Recently, scholars have recognized the need for information to be freely available to the masses without overly limiting restrictions. Several licenses for intellectual property have been created. The GNU General Public License, the Berkeley BSD license, and the Creative Commons License which offers varying degrees of control over copyrighted works. All of these are steps in the right direction. Now all that needs to be done is to get everyone on the bandwagon. The main problem with this is that there is money to be made by not being on that bandwagon. From record labels, to scientific journals, to book publishers - information flow is the way they make their money.

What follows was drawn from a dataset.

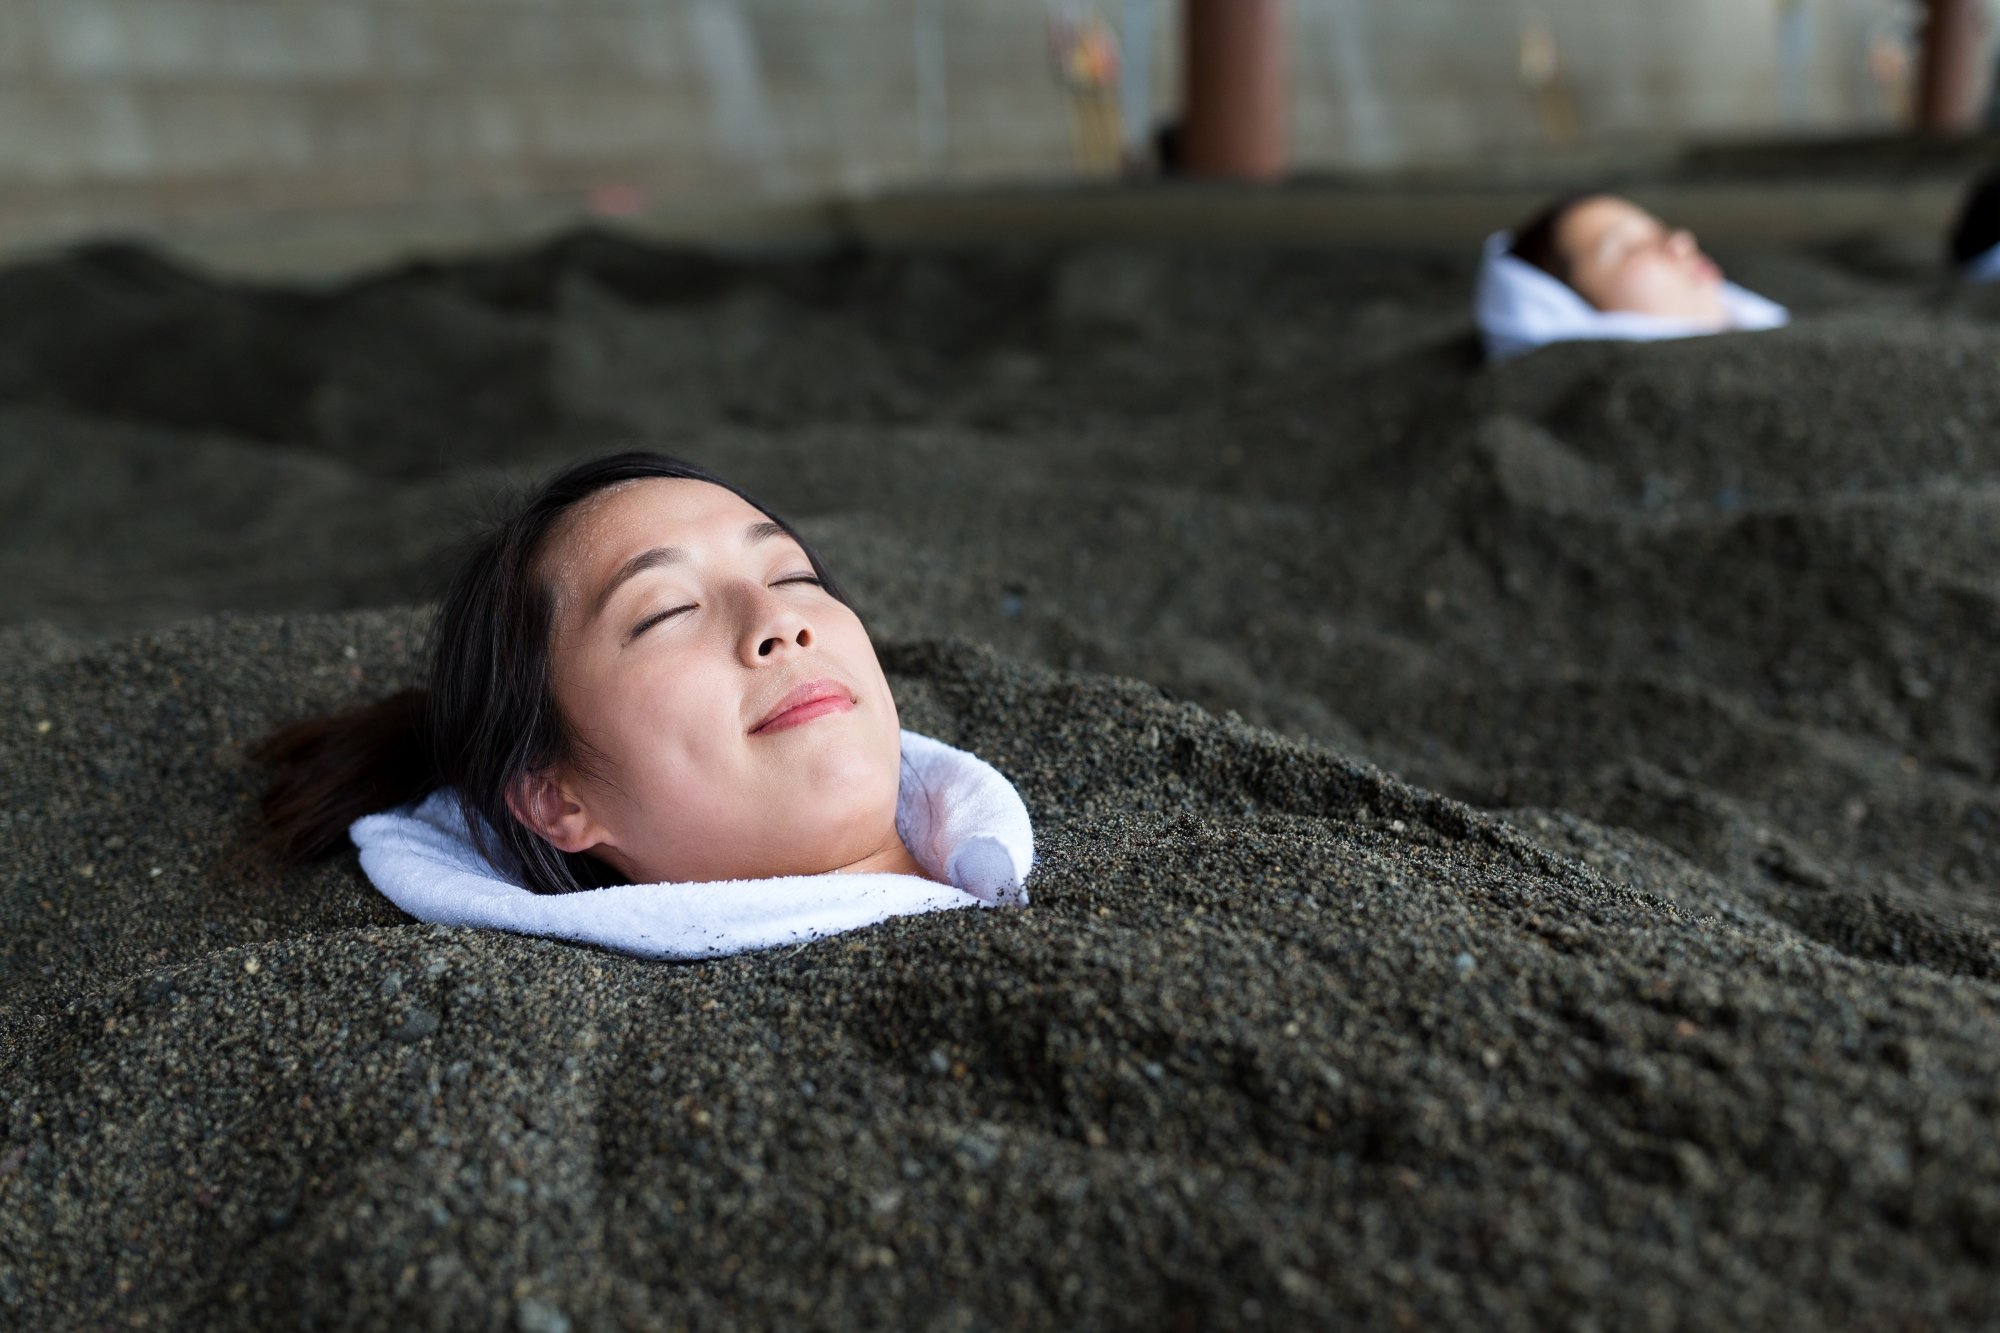 La sablothérapie : tout savoir sur cette thérapie par le sable : Femme  Actuelle Le MAG

In my opinion, there are some forms of information that should be free from a scientific and moral standpoint. These include scientific breakthroughs and discoveries. Indeed, there are already some grassroots efforts to facilitate this taking place. Among them are the Public Library of Science, and arxiv. While amateur mathematicians and scientists are largely a thing of the past, scientific breakthroughs should still be part of the public domain. This doesn't mean that journals like JAMA should be given away for free, but access to their materials should be made available for free to institutions of higher education. MIT has started their OpenCourseWare program, which is a massive step toward leveling the scientific playing field in the US - but it will likely have a larger impact outside the country where institutions of higher learning are only available to the monied, or those with the right connections.
Whatever the future brings, information will continue to become more available to the masses, because that is its nature. And if it's not freely available, it will be created in a free form, as we've seen with the advent and wild success of the user-created Wikipedia, which allows users to create and edit articles by anyone about anything, in more than just the English language.
Information is the most potent weapon in the fight against oppression and inequality wherever it occurs. The free world would do better to inform the ignorant rather than fight their governments; there's a reason that lasting political change is usually instigated by students and not armies.